ASSIGNMENT |
In your copy, each line below is repeated exactly and no image appears.

DATASET EXCERPT |
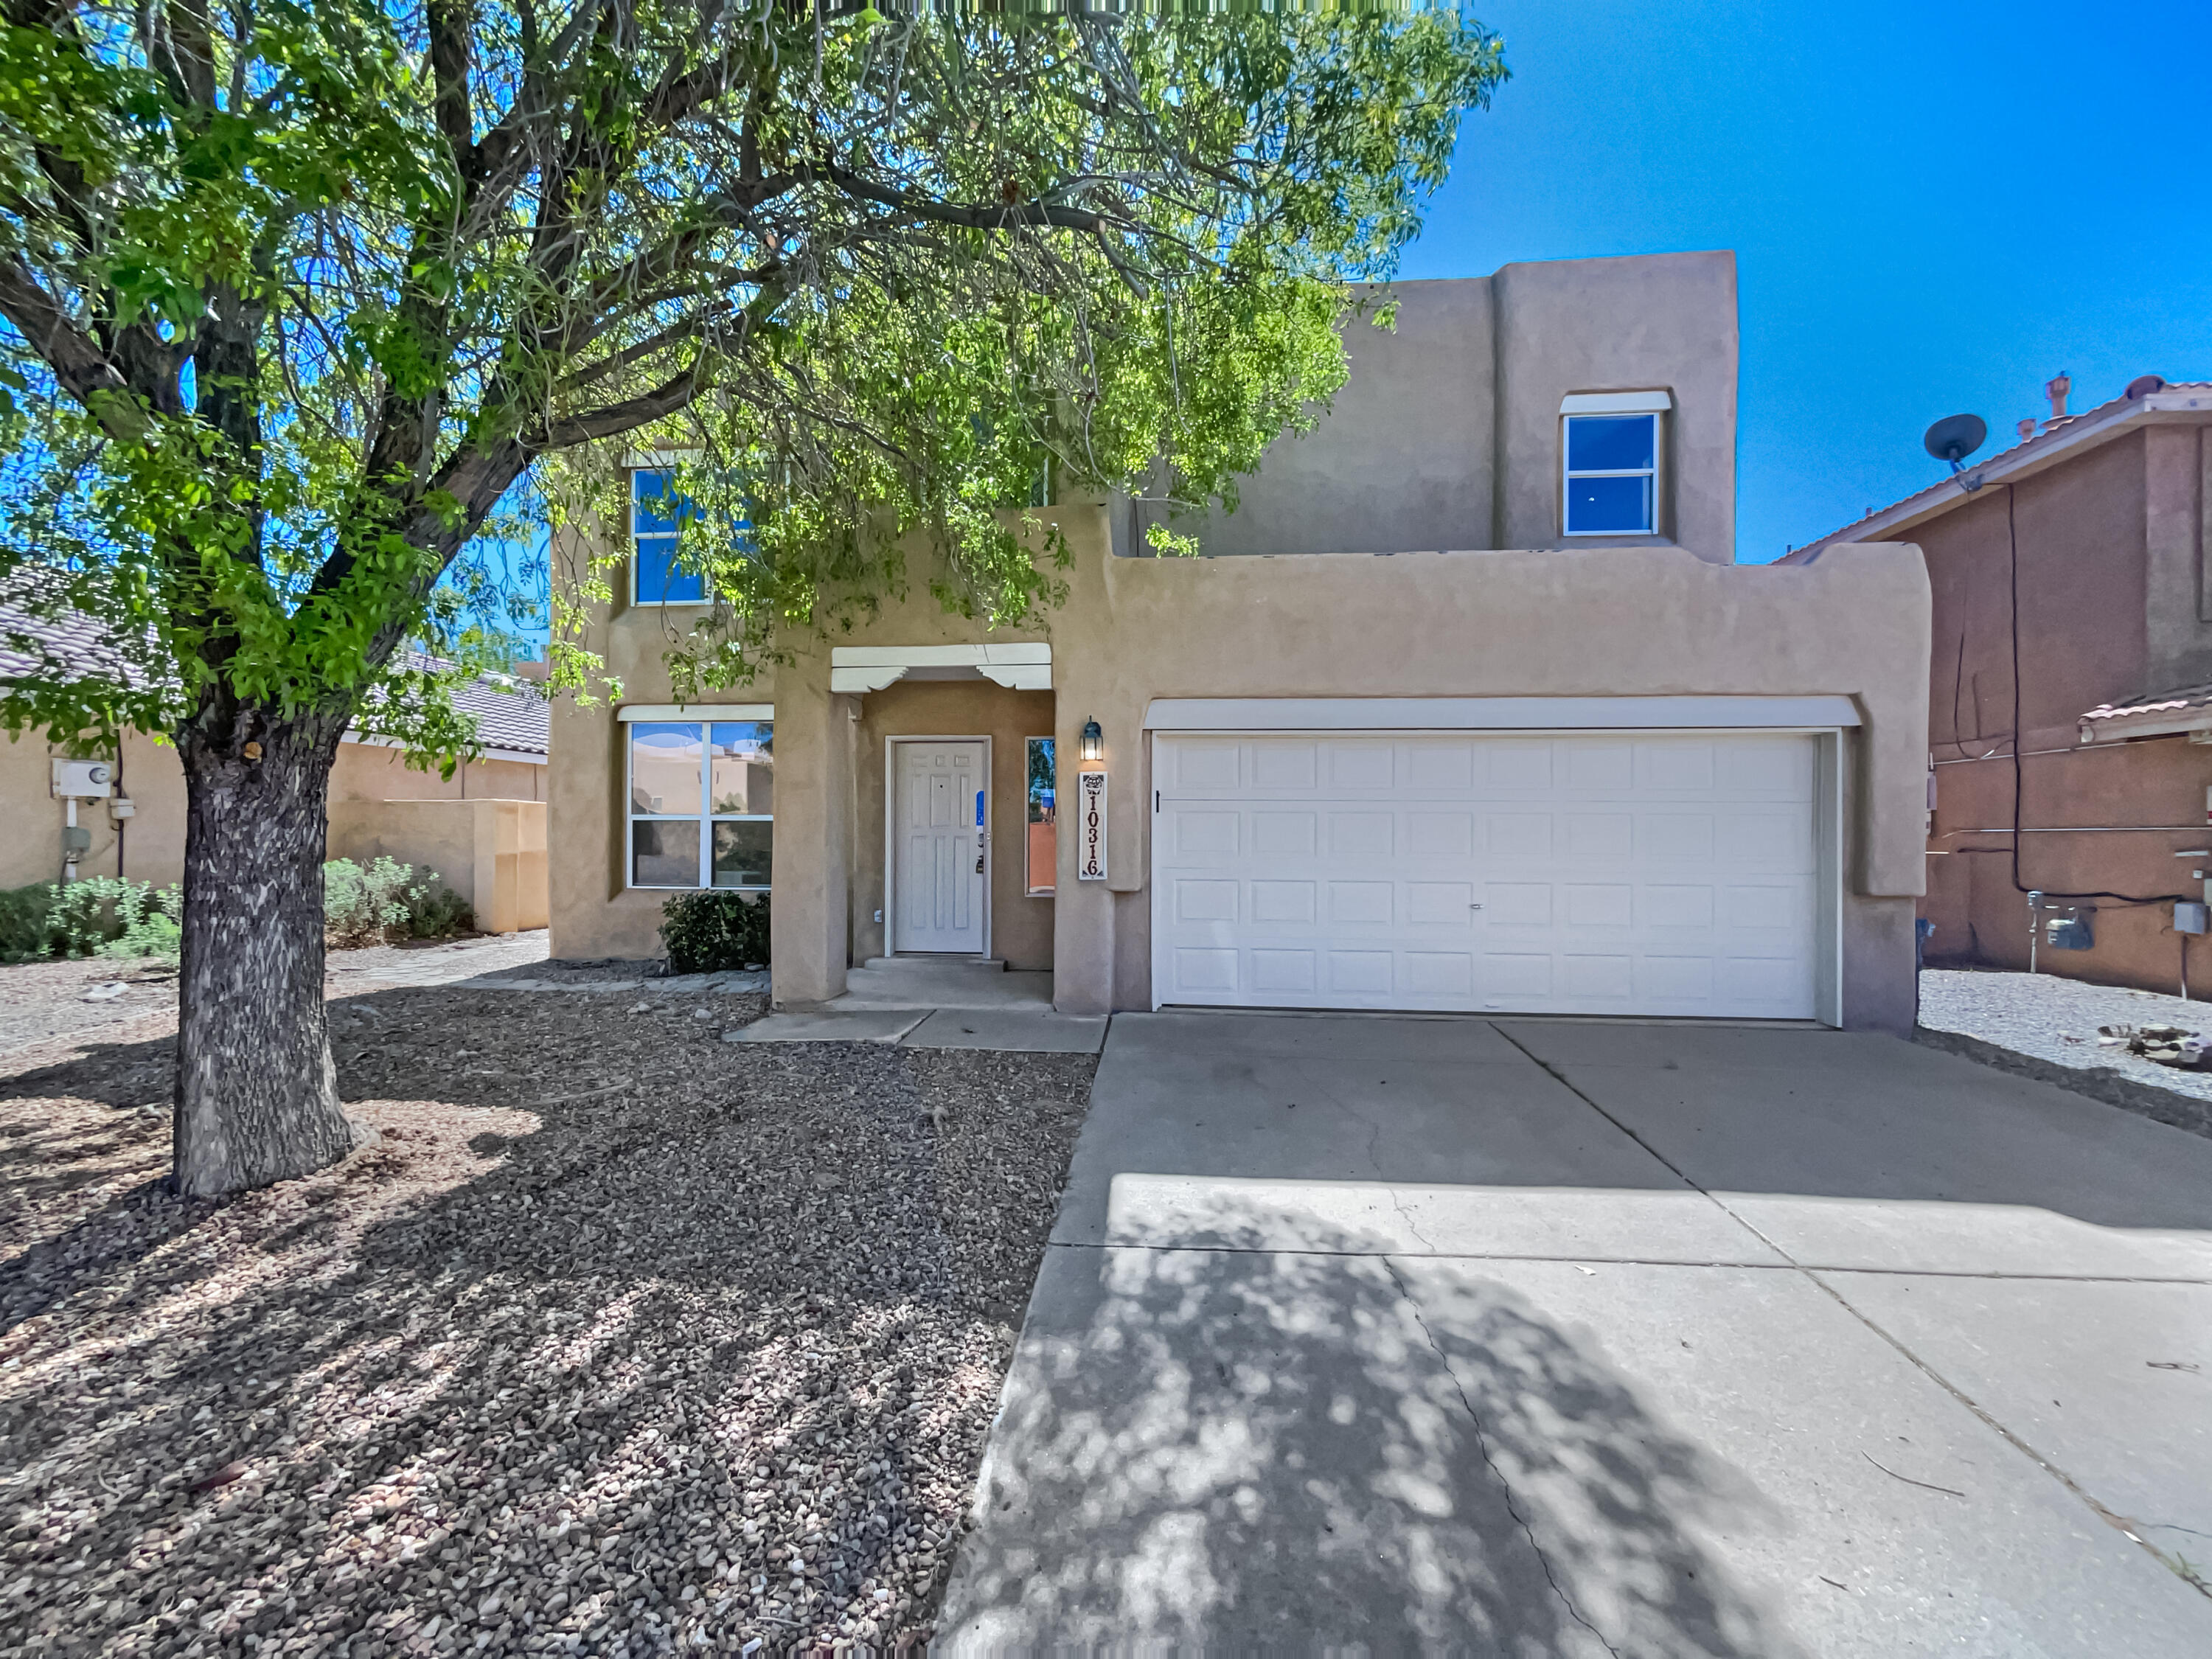 10316 Autumn Sage Drive NW, Albuquerque, New Mexico 87114, 4 Bedrooms Bedrooms, ,3 BathroomsBathrooms,Residential,For Sale,10316 Autumn Sage Drive NW,1061229
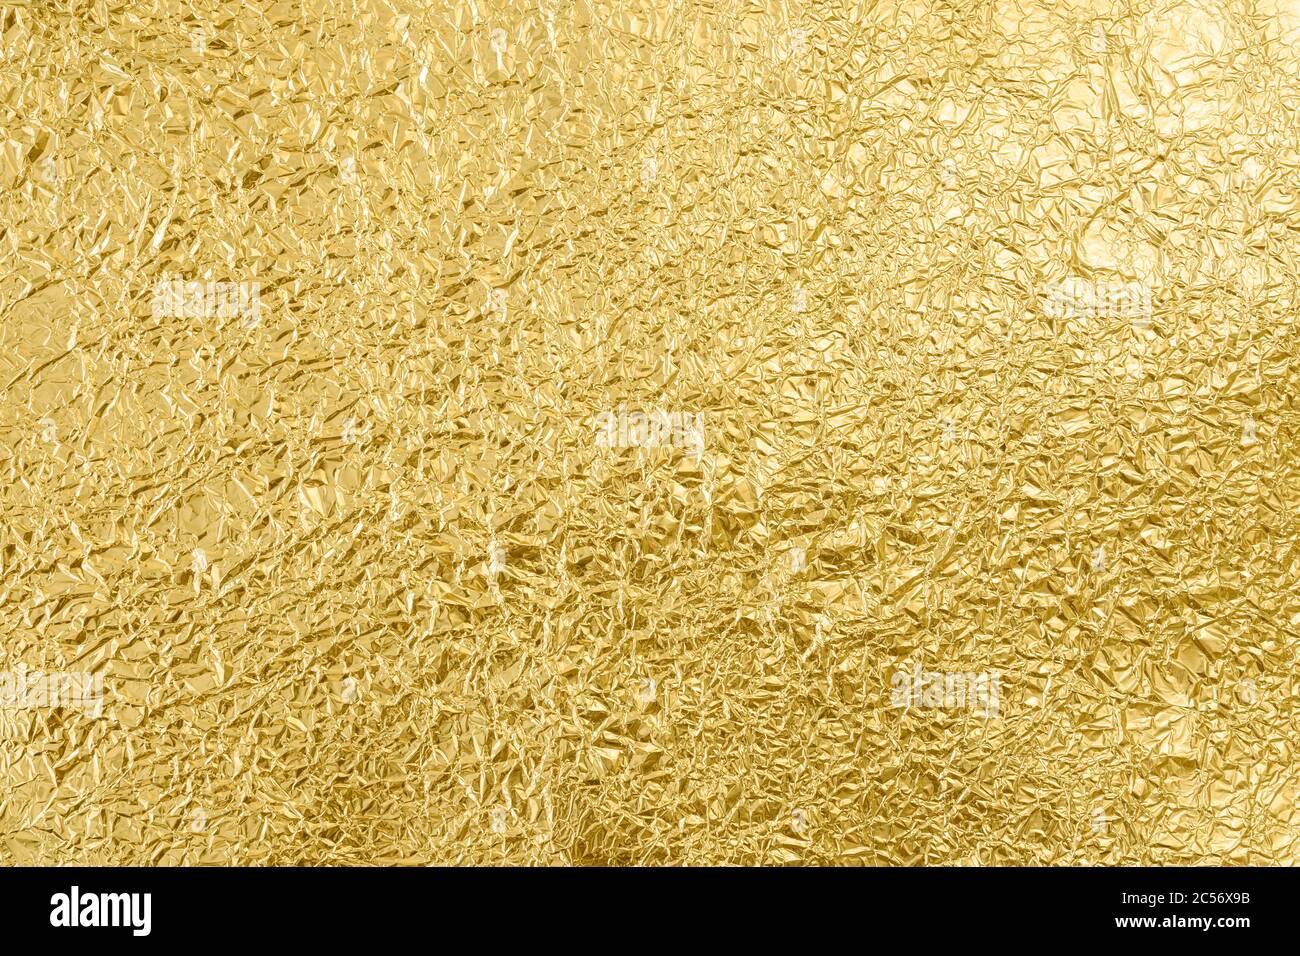 https://c8.alamy.com/comp/2C56X9B/crumpled-golden-tin-foil-surface-top-view-abstract-full-frame-textured-silvery-background-2C56X9B.jpg
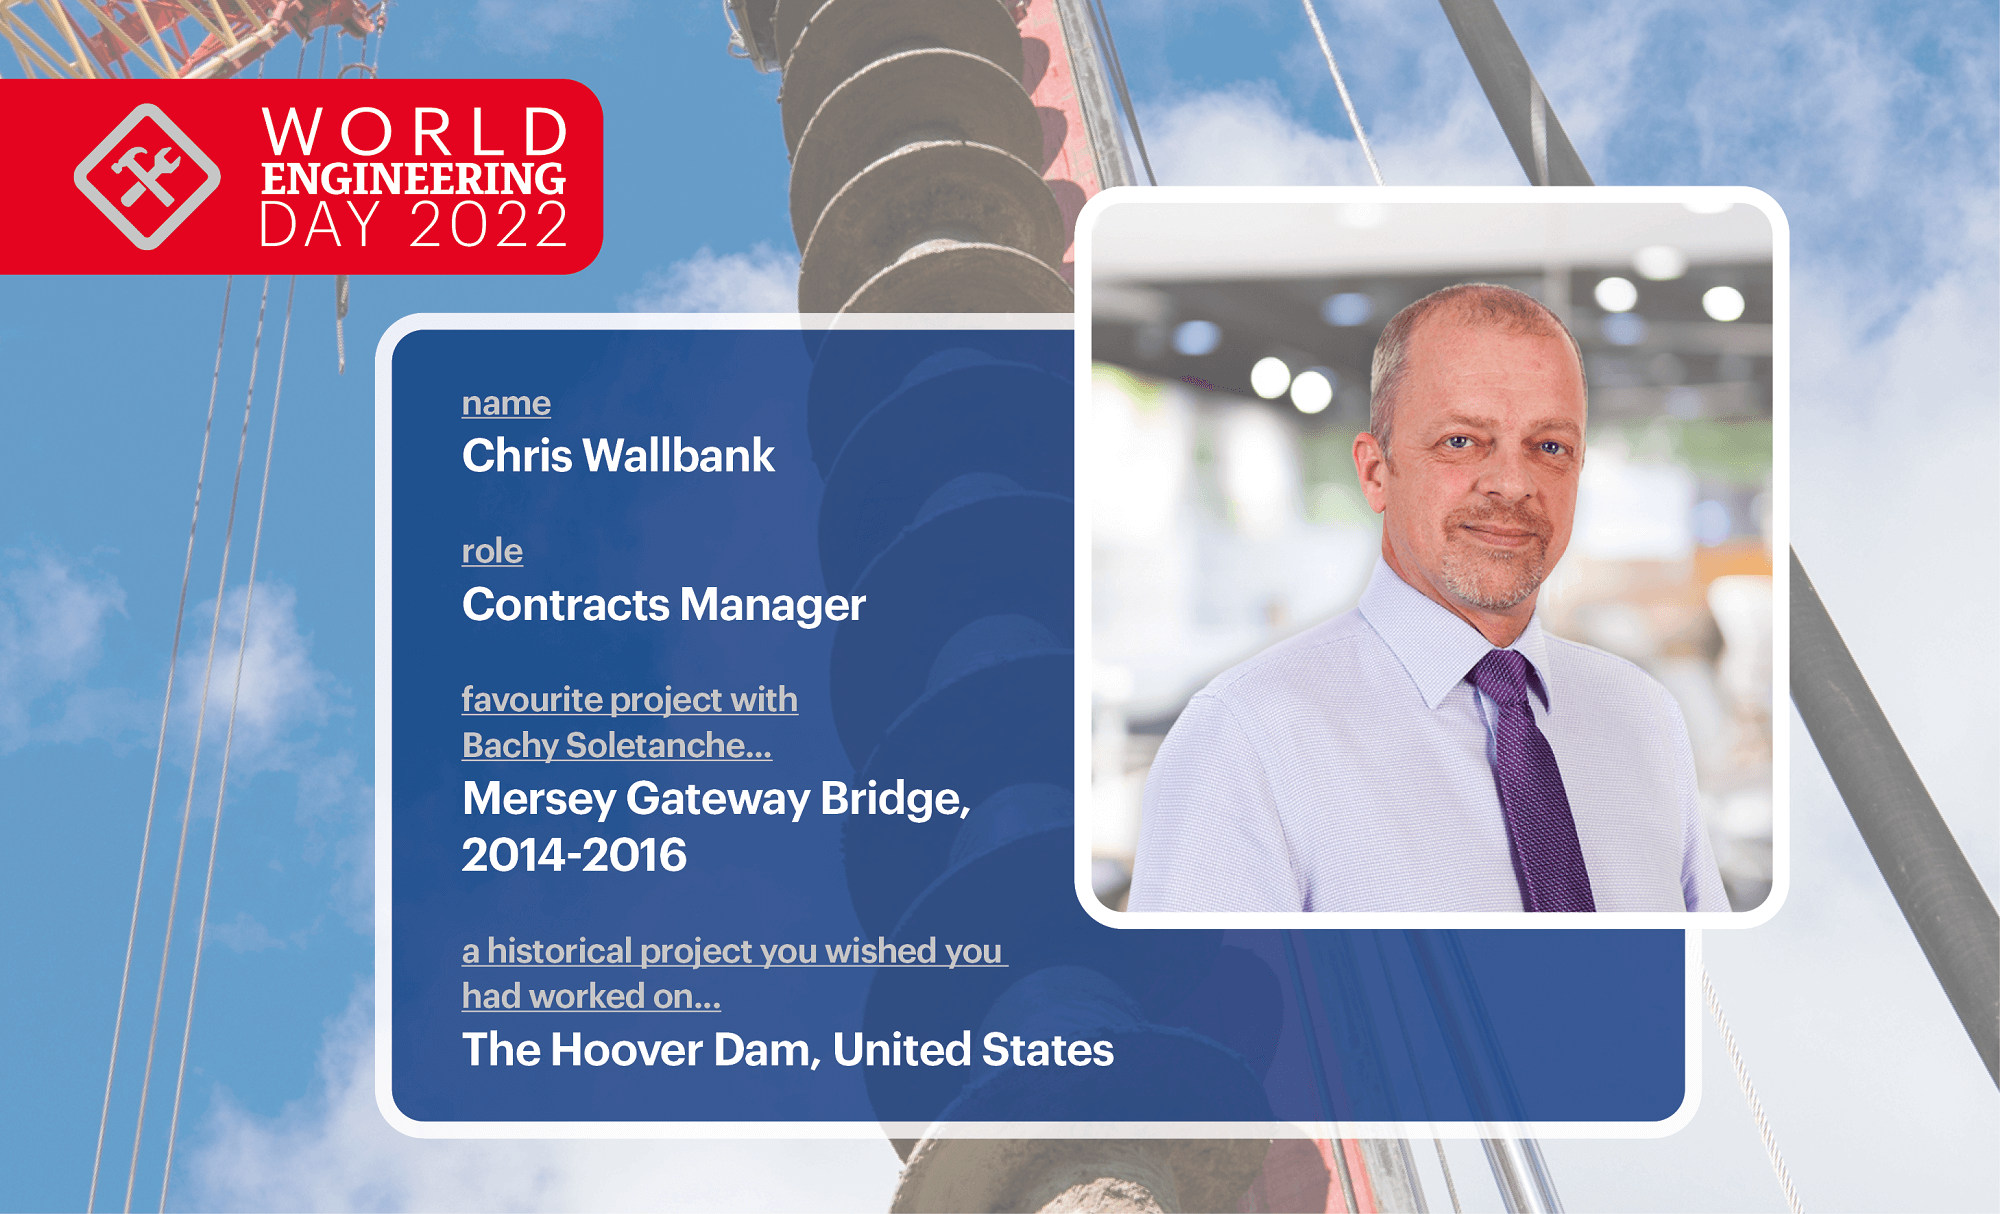 Chris Wallbank, Contracts Manager

ANSWER TO THIS EXERCISE |
 10316 Autumn Sage Drive NW, Albuquerque, New Mexico 87114, 4 Bedrooms Bedrooms, ,3 BathroomsBathrooms,Residential,For Sale,10316 Autumn Sage Drive NW,1061229
 https://c8.alamy.com/comp/2C56X9B/crumpled-golden-tin-foil-surface-top-view-abstract-full-frame-textured-silvery-background-2C56X9B.jpg
 Chris Wallbank, Contracts Manager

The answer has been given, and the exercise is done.